The length of the shirt varies from waist length in the north west to ankle length near the Danube. Shirts are worn over trousers, and usually with a belt. In some areas the shirt has a flared lower part (poale) forming a skirt (fustă) which could be pleated with narrow pleats. In some pastoral zones of Moldavia, Muntenia and Oltenia this flared skirt was made as a separate garment.
This is the oldest form of men's shirt. It is made from one piece of cloth forming the front and back, with a hole cut out for the neck and a slit from the neck to the chest. This style has straight sleeves wider at the wrists which are joined to the main garment at the shoulder and had no cuffs. The only variation is to insert side gussets to give extra width, and a square of cloth (pavă) under the arms. The oldest version had no collar and was decorated only around the neck and sleeve ends. Later versions have collars and cuffs added, and have wider gussets which may be gathered into the collar and are more elaborately decorated.

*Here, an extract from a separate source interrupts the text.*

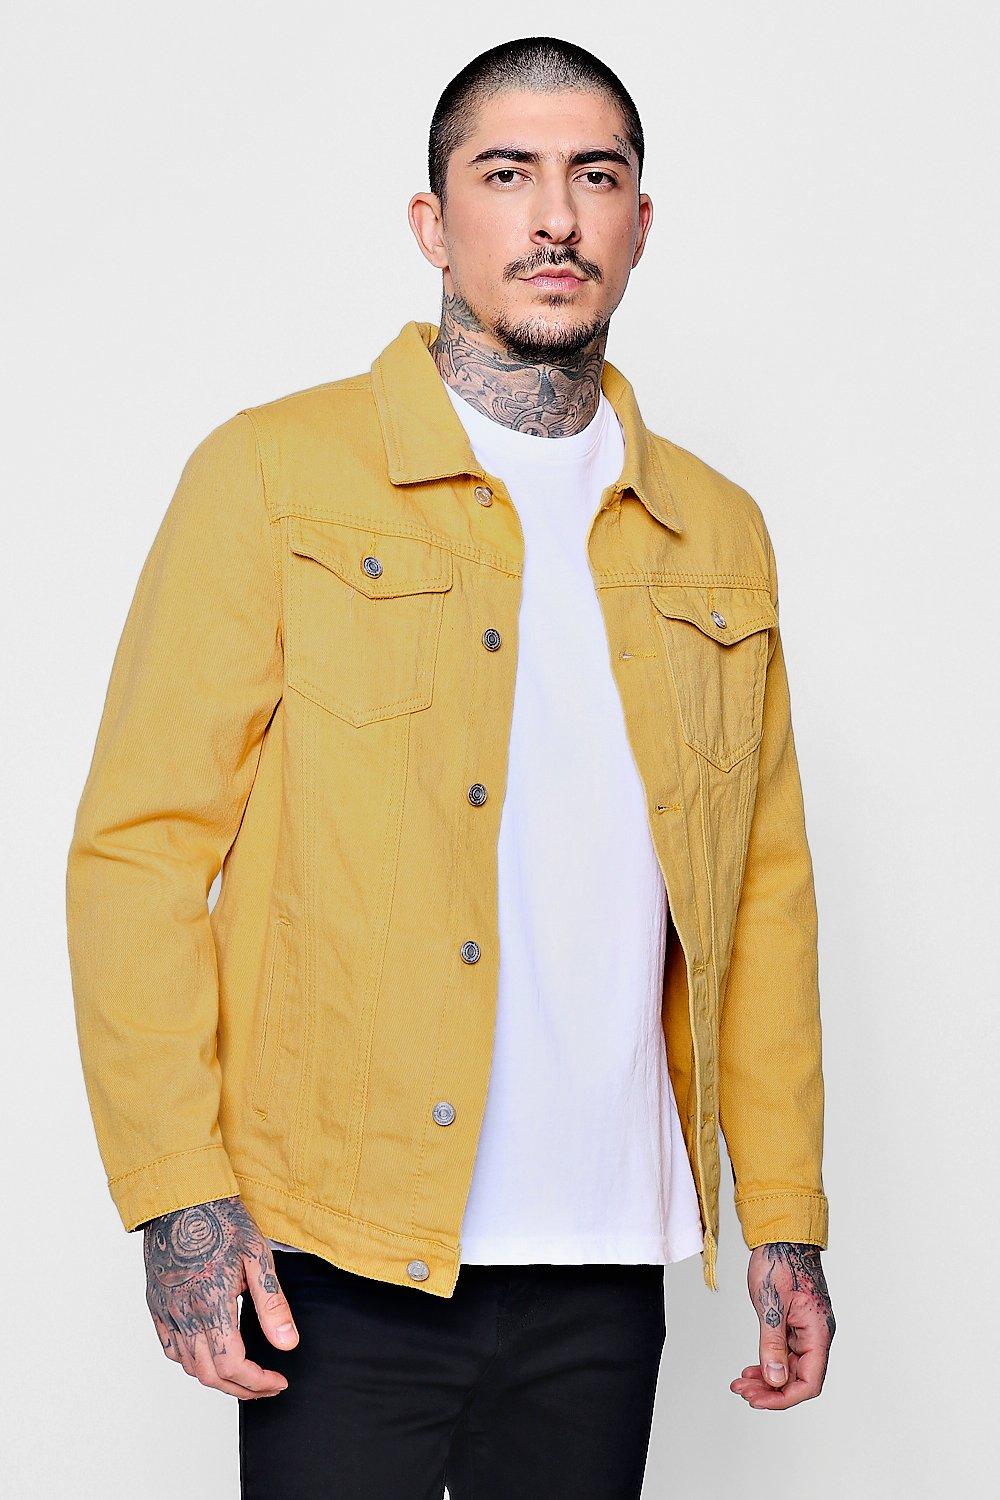 denim jacket yellow

A second type of straight shirt (Cămaşă dreaptă) was found only in North Maramureş. This type was made of a piece of cloth stretched lengthways so it formed the front, back and upper parts of the sleeves. Due to narrowness of home produced cloth the lower parts of the front and back were made of another piece of horizontally stretched cloth forming a hoop and sewn onto the lower edge of the front and back. Due to the cut this type did not need gussets to widen it.

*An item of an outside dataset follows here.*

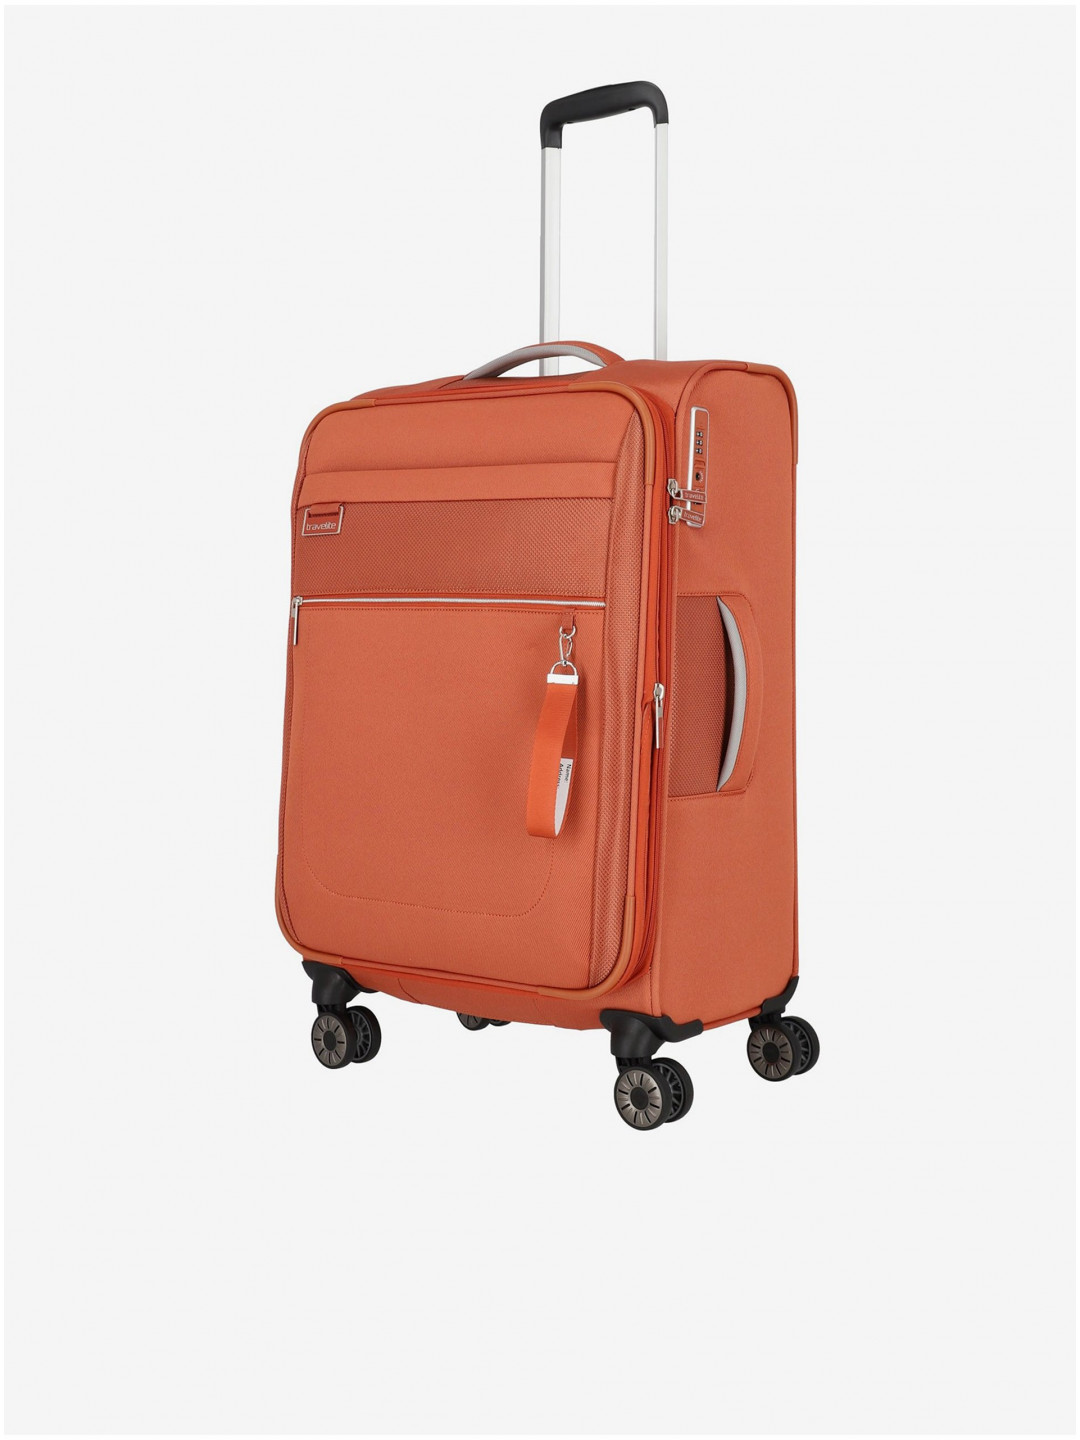 Oranžový cestovní kufr Travelite Miigo 4w M Copper chutney

In Maramureş, Lăpuş, Oaş, Bihor and Arad a derivation of Cămaşă dreaptă called the "short shirt" (Cămaşă scurtă) is worn. This type of shirt is waist length and is worn over wide trousers (gaci) in summer. Originally this type had no collar and had cords as ties at the neck opening. The sleeves were originally open at the wrists but more recent versions have cuffs.
This type of shirt was made with up to 8 triangular shaped gussets inserted in the front and back with pointed ends upwards forming a "M" shape, which was accentuated by black or yellow embroidery. The "skirt" (fustã ) was fuller due to the gussets and was often pleated. This style of shirt was worn mainly by shepherds in the zones of Sibiu, Petroşani, Târnave, Alba, Orãstie, Haţeg, and certain villages of north Gorj, Mehedinţi and Vâlcea
Shirts with separate piece(s) of material joined at the shoulders to form a yoke, or with inset pieces of material over the shoulders became common in the west of Romania from the early 20th century. This is a modern type of shirt derived from the Cămaşă dreaptă found in North Maramureş and based on styles fashionable at this time in towns. The lower part of the shirt and top of the sleeves was usually gathered where they were joined to the yoke or shoulder insets and the sleeves were gathered into cuffs (pumnaşi). This type of shirt usually had a collar. The tops of the shoulders and the cuffs were decorated with embroidery, and there was also decoration on the collar. These shirts were found mostly in Maramureş, Lăpuş, Oaş, Bihor, Arad and Năsăud.
There are four main methods of decoration used on mens’ shirts.
- Coloured stripes (chenare), woven into the fabric, the type of
stripe depends on the zone.
- Muscel, Argeş, and Bran: yellow colour or brown woven on edges along the cloth.
- Petroşani, Alba, Orăstie: very thin red or black horizontal stripes
- Oltenian plain, Moldavia, Dobrogea, Banat, and SW Transylvania: White longitudinal stripes.
- Woven motifs (alese) in white cotton, or wool were used in Iaşi, Botoşani, Dobrogea, and Bacău.
- Ornamental stitched (Cheiţă) seams were used to join fabric widths in all zones of country.
- Embroidery in wool, cotton, silk or cocoon silk thread worked around neck and front slit of shirt, on collar, shoulders, sleeve ends or cuffs, hem and along the lines of the front and sometimes back gussets. The motifs being arranged to emphasise the cut of the shirt. The patterns used are mainly geometric or stylised vegetable. Even working shirts have some decoration. Main colours are white, red, blue, and black with brighter colours being used for younger men. In certain areas such as Năsăud and Bucovina small brightly coloured beads are also sewn onto collar and cuffs.